Let's start with a function that determines if a number is prime; we will use the Miller-Rabin algorithm, which is faster than trial division, for the size of the numbers with which we will deal:
from random import randint def isPrime(n, k=5): # miller-rabin if n < 2: return False for p in [2,3,5,7,11,13,17,19,23,29]: if n % p == 0: return n == p s, d = 0, n-1 while d % 2 == 0: s, d = s+1, d/2 for i in range(k): x = pow(randint(2, n-1), d, n) if x == 1 or x == n-1: continue for r in range(1, s): x = (x * x) % n if x == 1: return False if x == n-1: break else: return False return True
Since we want to find the first number that satisfies the criteria, our strategy will be to start with 2 and work on us, preserving the results as we progress. We fill the cache (which is a bad pun, sorry) with the first numbers in Collatz sequences from 0 to 2:
primeCount = [0,0,1]
The pCount(n) function counts the primes in the Collatz sequence for n. As soon as the current value of the sequence k falls below n, we look at the result in the cache. Until then, we check every odd number in the Collatz sequence for primitiveness and, if necessary, increase the number p. When we have a primary number for n, we add it to the cache and return it.

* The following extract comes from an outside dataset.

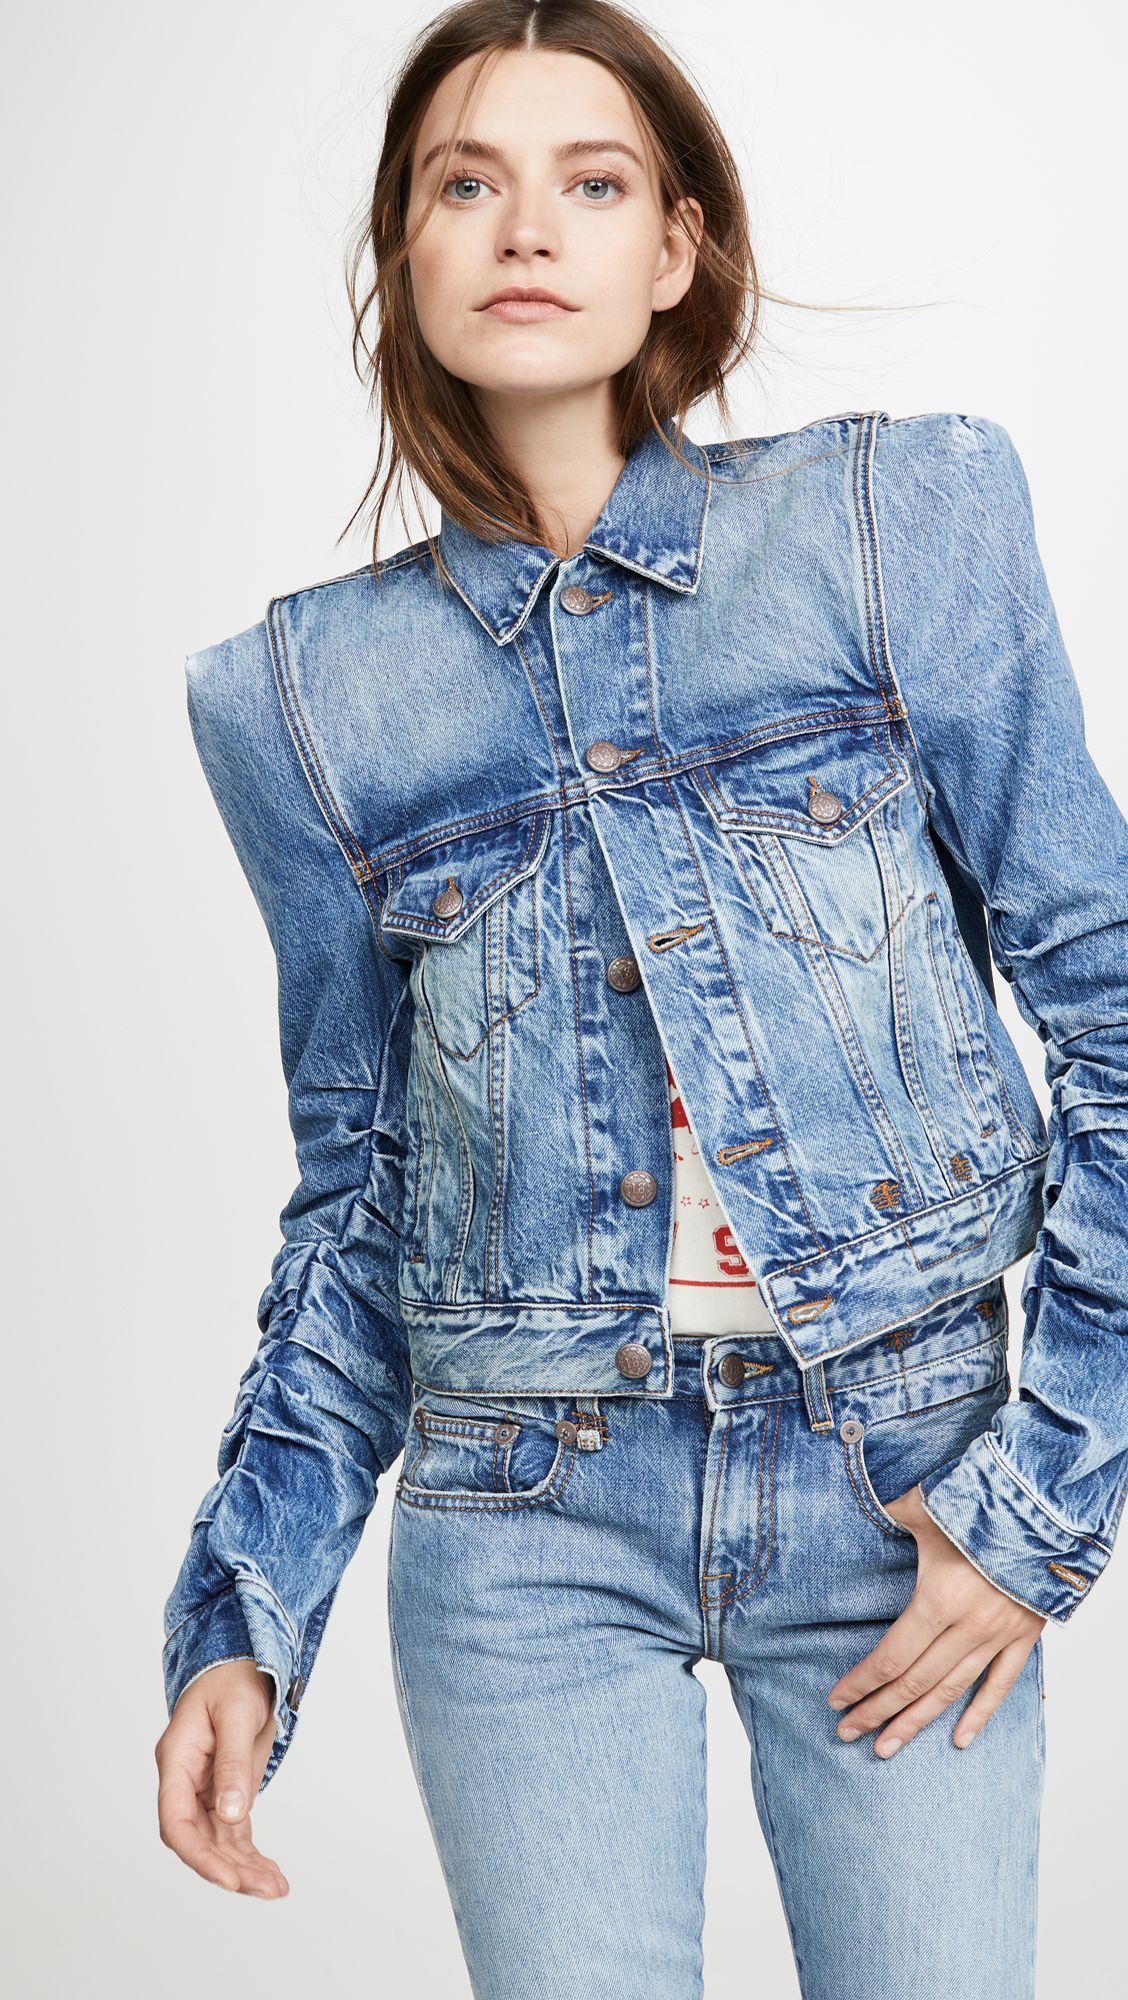 jean jacket outfits womens

def pCount(n): k, p = n, 0 while k > 0: if k < n: t = p + primeCount[k] primeCount.append(t) return t elif k % 2 == 0: k = k / 2 elif isPrime(k): p = p + 1 k = 3*k + 1 else: k = 3*k + 1
Now it's just a matter of calculating simple counts for each n, starting at 3, stopping when the primary count is over 65:
n = 3 t = pCount(n) while t < 65: n = n + 1 t = pCount(n)
It does not take much time, less than a minute on my computer. Here is the result:
print n
The result is 67 primes. If you want to see them, here is a simple function that prints a Collatz sequence for a given n:
def collatz(n): cs = [] while n != 1: cs.append(n) n = 3*n+1 if n&1 else n//2 cs.append(1) return cs
And here is a list of primes:
filter(isPrime,collatz(n))
What a fun problem recreational math!
EDIT:. Since people asked about the Miller-Rabin primitive test, let me show you this simple strength tester based on a 2,3,5-wheel; it performs trial divisions by 2, 3, and 5 and numbers that are not multiples of 2, 3, or 5, including some composites, so it’s a little less efficient than trial divisions by primes, but there’s no need to pre-calculate and store primes, therefore it is much easier to use.
def isPrime(n): # 2,3,5-wheel if n < 2: return False wheel = [1,2,2,4,2,4,2,4,6,2,6] w, next = 2, 0 while w * w <= n: if n % w == 0: return False w = w + wheel[next] next = next + 1 if next > 10: next = 3 return True
The statement filter(isPrime,range(1000000)) identifies 78,498 primes less than a million in a few seconds. You might want to compare the timings for this strength tester versus the Miller-Rabin tester and determine where the intersection point is in terms of execution efficiency; I did not do any formal timings, but it seems to have solved the 65-collatz-prime problem at about the same time as the Miller-Rabin tester. Or you can combine a trial unit with a 2,3,5-wheel to a certain limit, say 1,000 or 10,000 or 25,000, and then run Miller-Rabin on the survivors; which quickly eliminates most composites, so it can work very quickly.